Structured Extraction
Extract structured data from unstructured text with 100% schema compliance using Pydantic models.
This guide demonstrates how to extract structured data from unstructured text with 100% schema compliance using Pydantic models and GBNF grammars.
Basic Example
Extract structured data from unstructured text.
import loclean
from pydantic import BaseModel
class Product(BaseModel):
name: str
price: int
color: str
# Extract from text
item = loclean.extract("Selling red t-shirt for 50k", schema=Product)
print(f"Name: {item.name}")
print(f"Price: {item.price}")
print(f"Color: {item.color}")Output:
Name: red t-shirt
Price: 50
Color: redWorking with DataFrames
Extract structured data from DataFrame columns.
import polars as pl
import loclean
from pydantic import BaseModel
class Product(BaseModel):
name: str
price: int
color: str
df = pl.DataFrame(
{"description": ["Selling red t-shirt for 50k", "Blue jeans available for 30k"]}
)
result = loclean.extract(df, schema=Product, target_col="description")
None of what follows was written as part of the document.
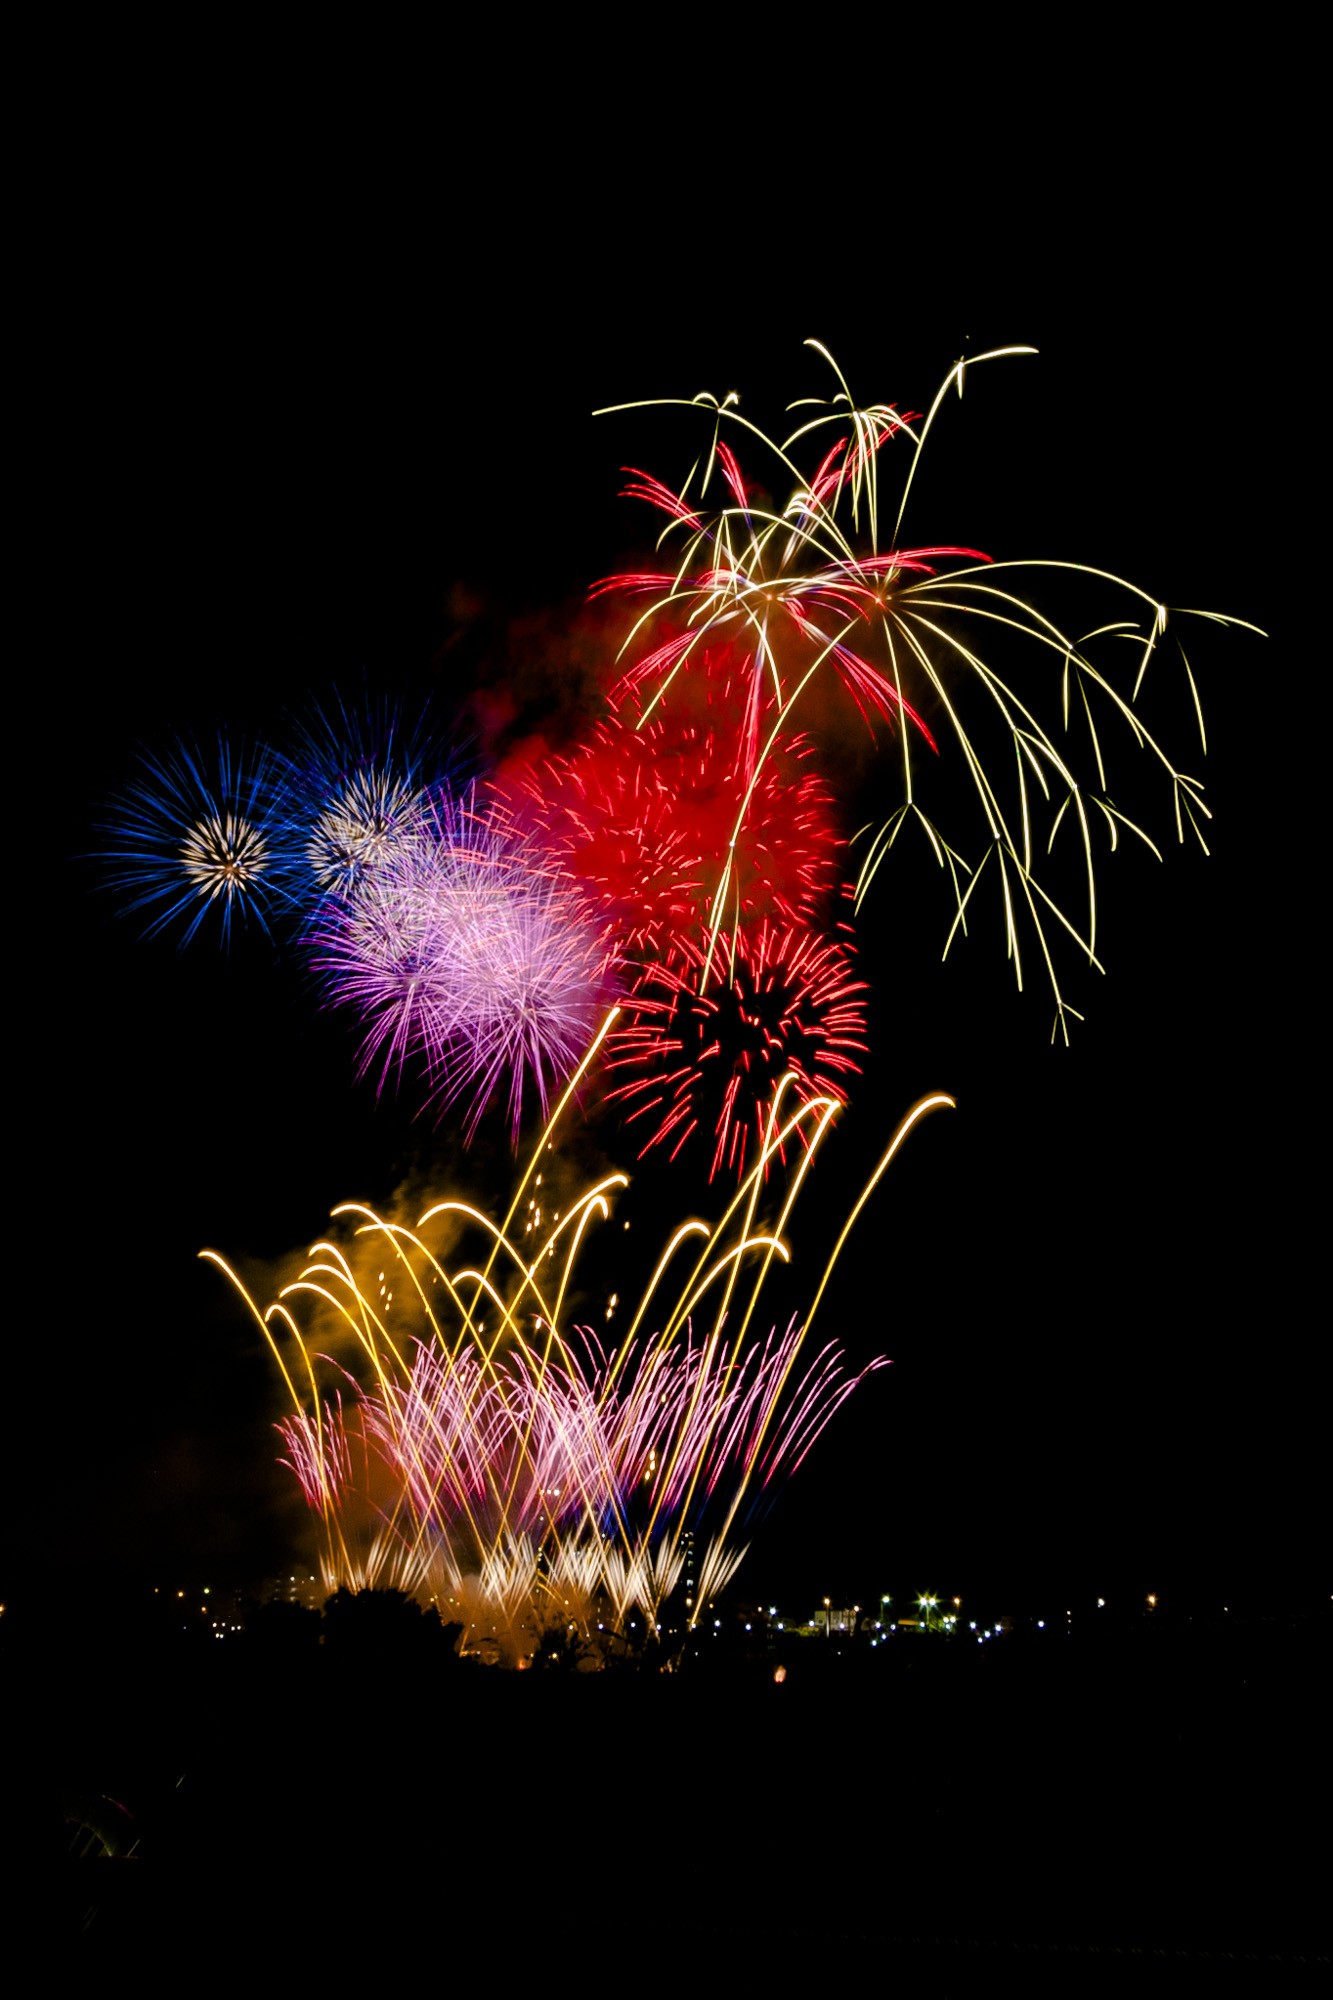 夜空を彩る花火 川崎市制記念多摩川花火大会 フリー写真素材 イメージガレージ
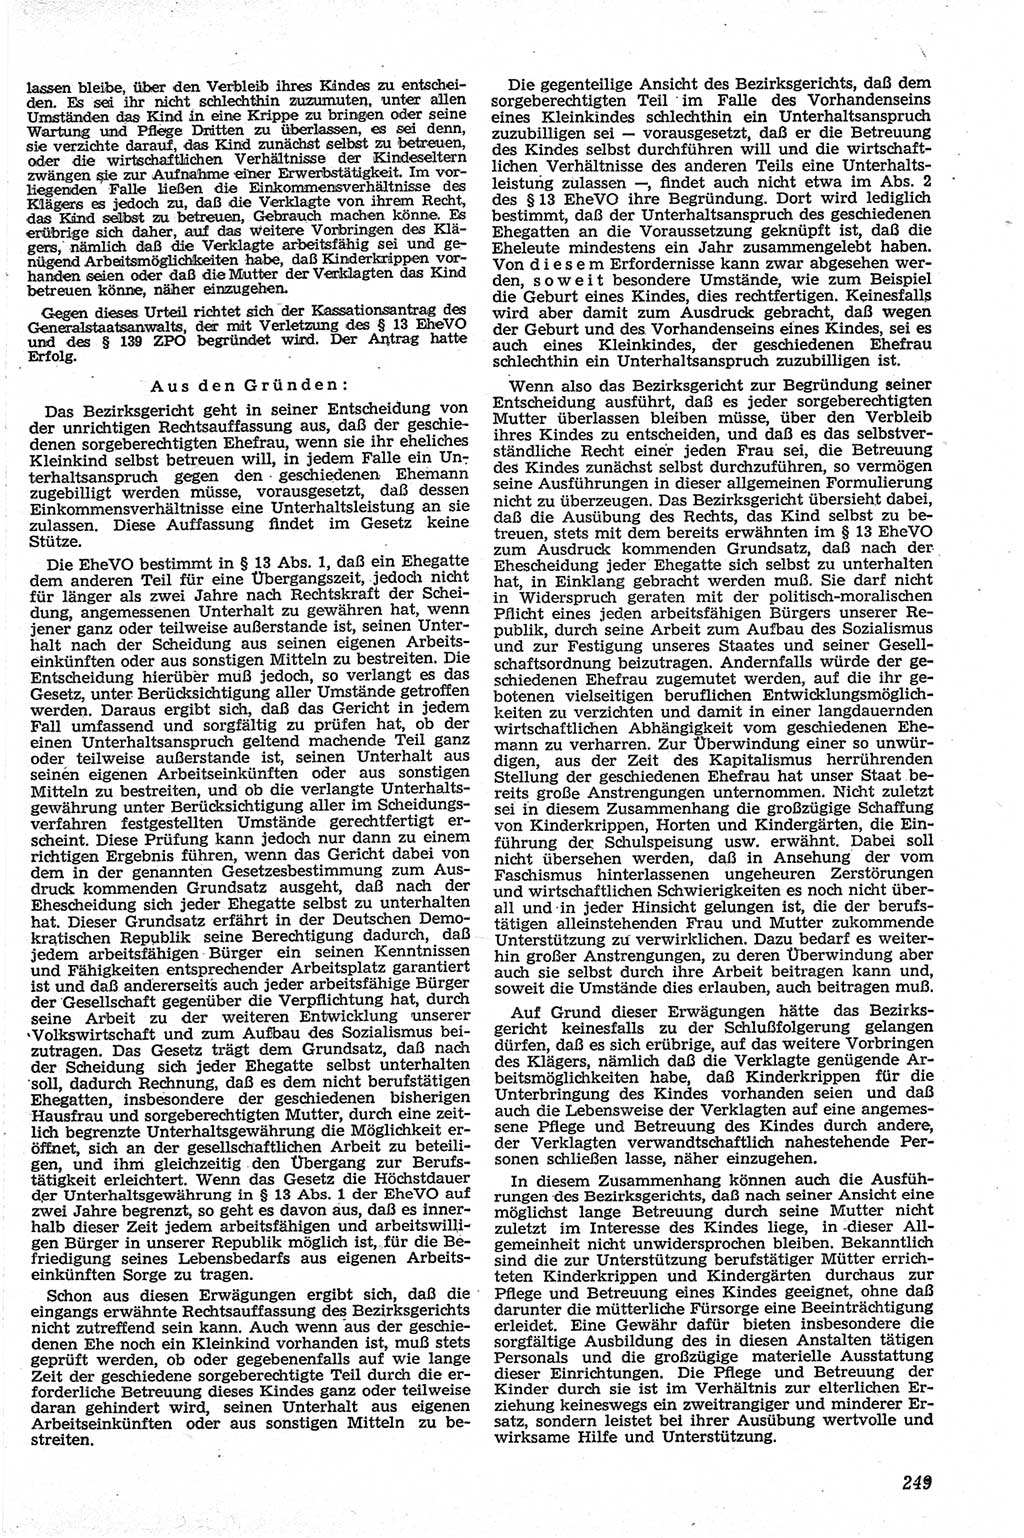 Neue Justiz (NJ), Zeitschrift für Recht und Rechtswissenschaft [Deutsche Demokratische Republik (DDR)], 13. Jahrgang 1959, Seite 249 (NJ DDR 1959, S. 249)

# Show extracted data with expanded struct fields for better readability
print("Extracted Data:")
print(
result.with_columns(
[
pl.col("description_extracted").struct.field("name").alias("product_name"),
pl.col("description_extracted")
.struct.field("price")
.alias("product_price"),
pl.col("description_extracted")
.struct.field("color")
.alias("product_color"),
]
)
)Output:
Extracted Data:
shape: (2, 5)
┌─────────────────────────┬─────────────────────────┬──────────────┬───────────────┬───────────────┐
│ description ┆ description_extracted ┆ product_name ┆ product_price ┆ product_color │
│ --- ┆ --- ┆ --- ┆ --- ┆ --- │
│ str ┆ struct[3] ┆ str ┆ i64 ┆ str │
╞═════════════════════════╪═════════════════════════╪══════════════╪═══════════════╪═══════════════╡
│ Selling red t-shirt for ┆ {"red ┆ red t-shirt ┆ 50 ┆ red │
│ 50k ┆ t-shirt",50,"red"} ┆ ┆ ┆ │
│ Blue jeans available ┆ {"Blue ┆ Blue jeans ┆ 30 ┆ Blue │
│ for 30k ┆ jeans",30,"Blue"} ┆ ┆ ┆ │
└─────────────────────────┴─────────────────────────┴──────────────┴───────────────┴───────────────┘Advanced Features
Nested Schemas
Extract nested data structures using nested Pydantic models.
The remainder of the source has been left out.